Un coup de coeur de Mollat
A Mortagne, petit village de 1219 âmes, on travaille soit à la vigne soit à la scierie, les deux ressources du coin. Le métier se transmet de père en fils. Et naturellement, on déteste celui qui travaille de l'autre côté. Sans raison, c'est comme ça, c'est viscéral. En revanche tous les hommes sont des chasseurs, sans exception, peu importe le métier. Il y a même un dicton : « je suis un chasseur né, je ne mourrai pas gibier ».

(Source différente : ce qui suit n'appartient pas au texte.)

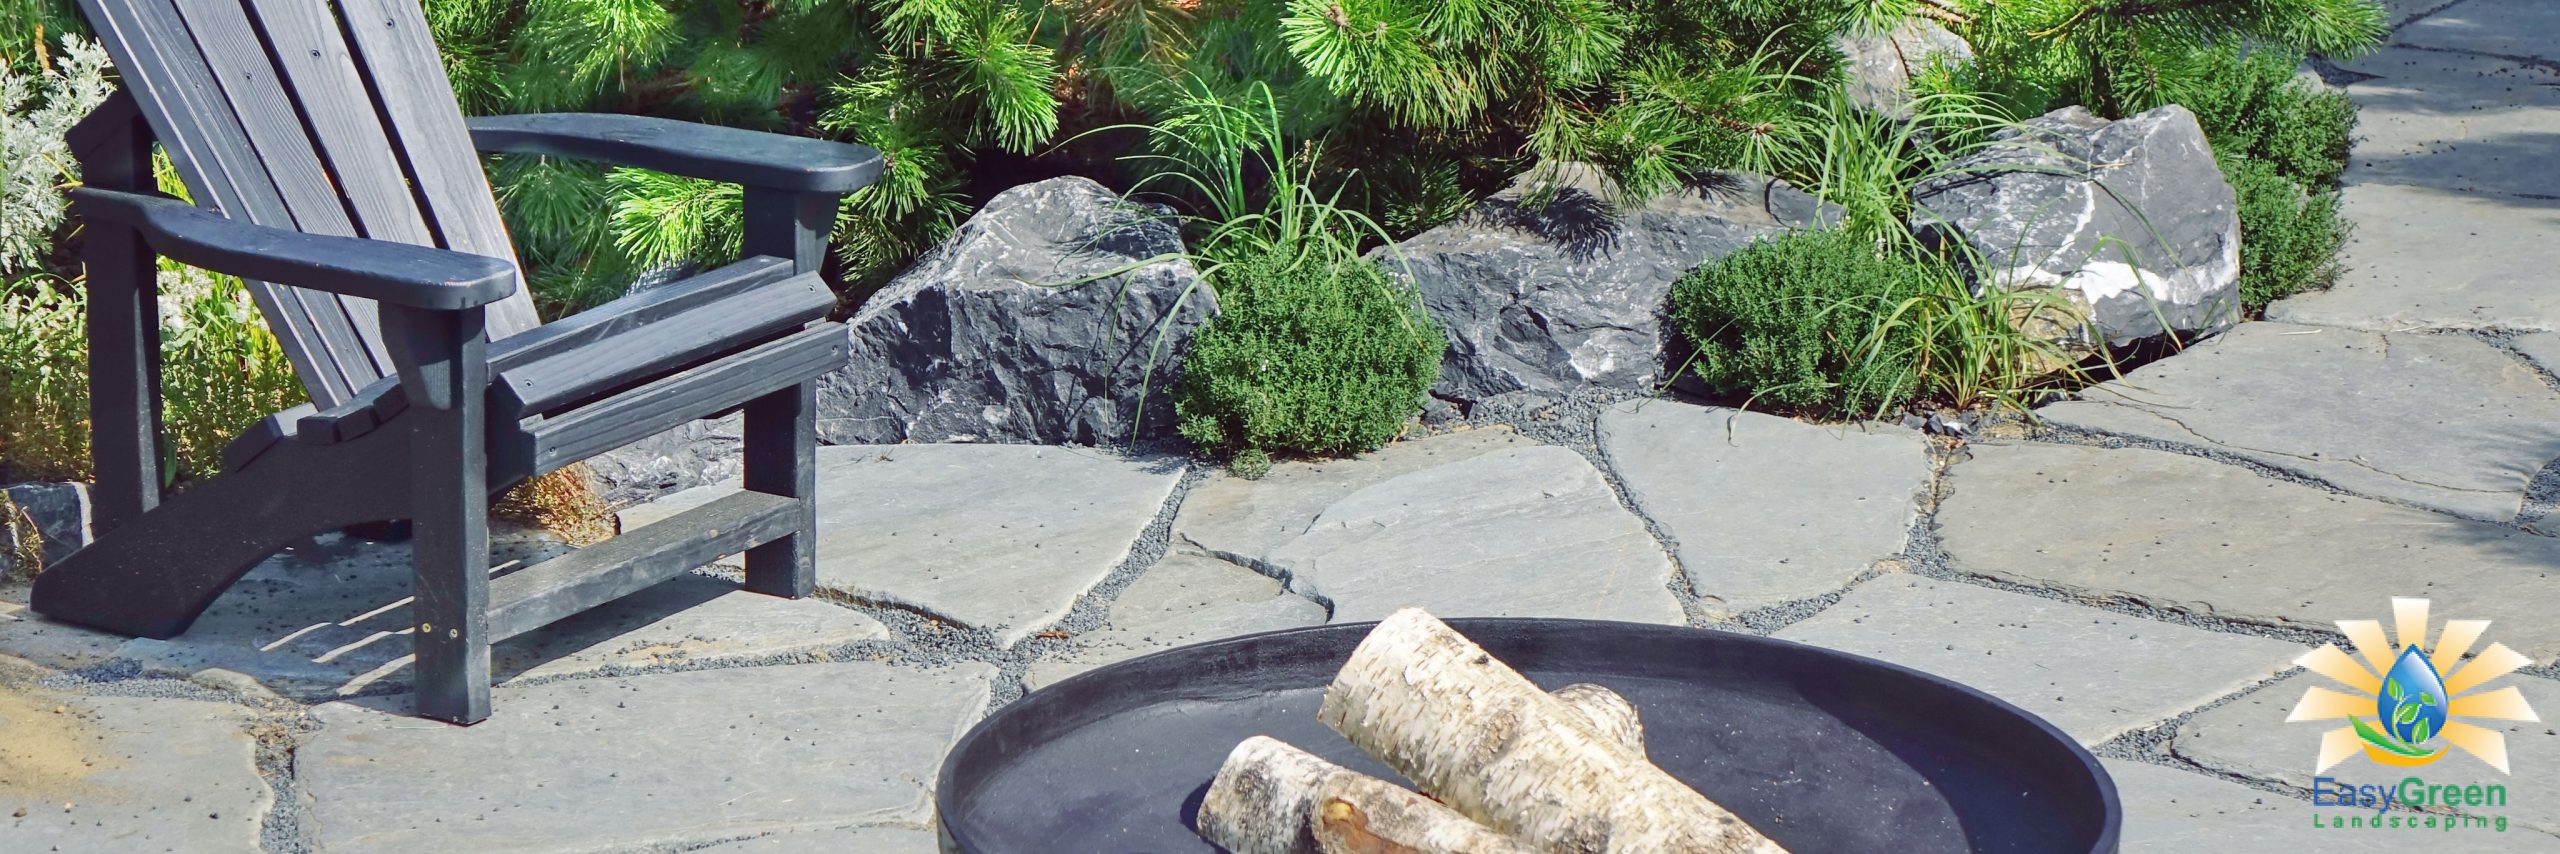 Planning Your Beautiful Flagstone Paver Installation Project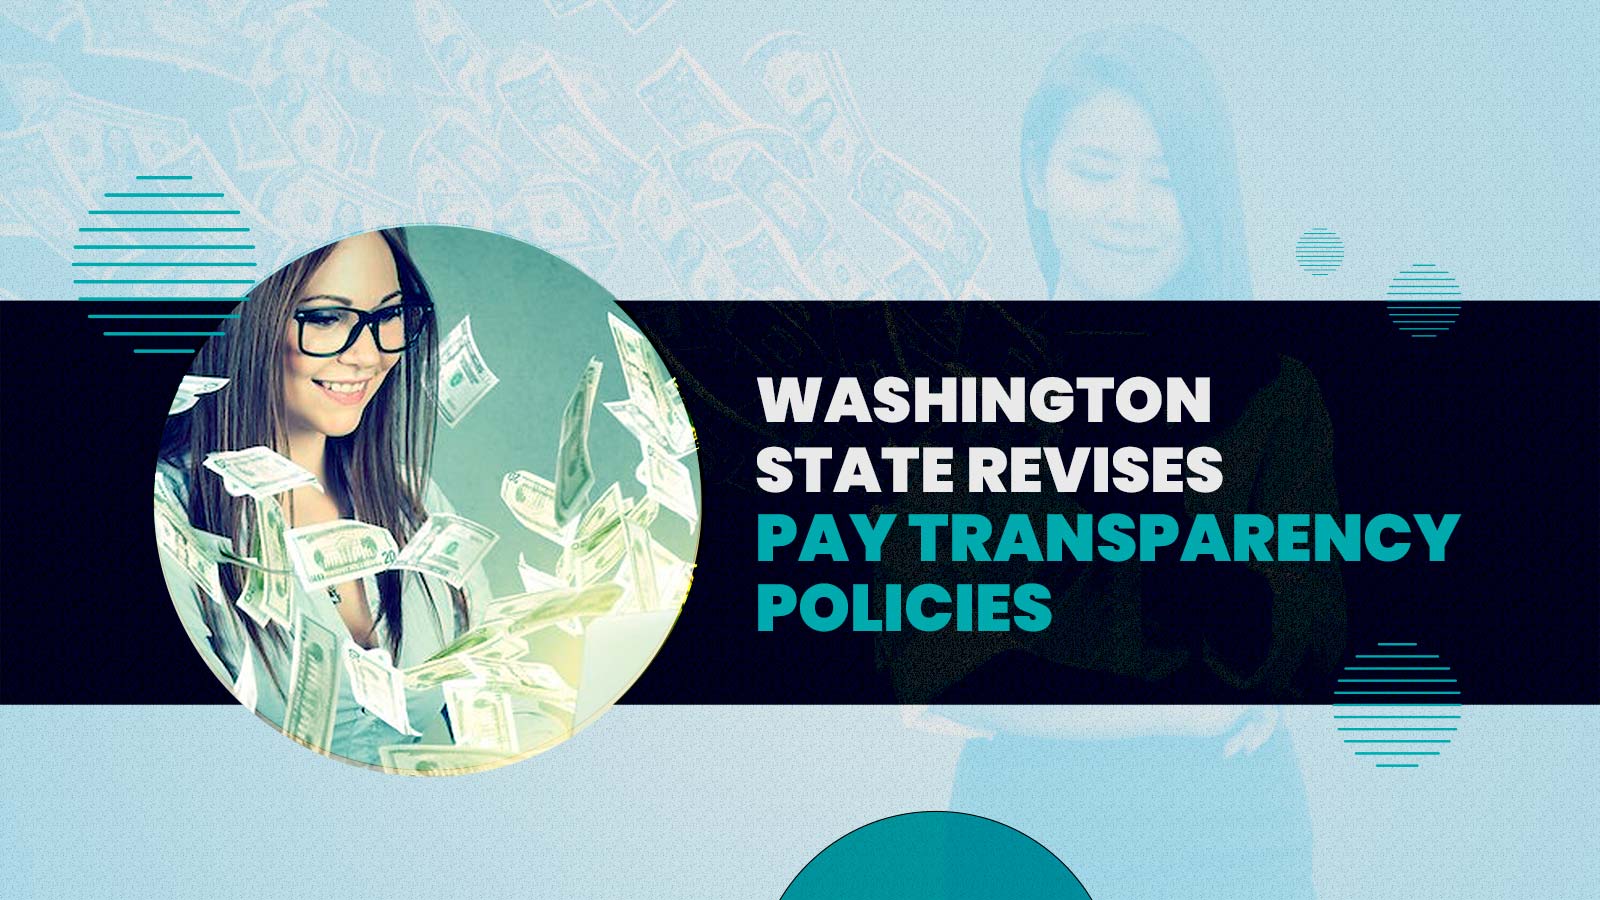 Washington State Revises Pay Transparency Policies

Martial, un ado du village est à part. D'abord il part à l'internat pour apprendre la mécanique et essayer de faire un autre métier. Cette attitude ne lui vaut d'ailleurs que du mépris de la part de sa famille et du village. Ensuite, il ne trouve pas d'intérêt fondamental à la chasse. Et surtout, il ne se moque pas du garçon un peu simplet qui n'a de cesse de répéter « pauvre vache ». Au contraire, pour un peu ils deviendraient presque amis. Il est calme Martial, il est pondéré, il sait que son frère et son pote Frédo ne sont que des petites frappes brutales et ignorantes. Rien ne le prépare à cela... mais parfois la colère est telle que plus rien n'a de sens ni de valeur.
Pour cet album, Alfred a adapté le texte de Guillaume Guéraud paru dans la collection DoAdo au Rouergue en 2006. Aucune concession n'y a été faite, on ressent la même injustice, la même aversion pour tous ces gens, le besoin de fuir cet endroit. Les illustrations sont épatantes, surtout les personnages qui expriment tant de haine, de peur, d'incompréhension... Chacun a un regard qui lui est propre et on craint littéralement Frédo, le contremaître alcoolique, pervers et violent. Et alors qu'on a confiance dans la bouille ronde de Martial, on distingue petit à petit les changements d'humeur, de traits, de regards. Et tout bascule.
Comme pour le roman, il n'y a qu'un mot pour définir cette BD : extraordinaire.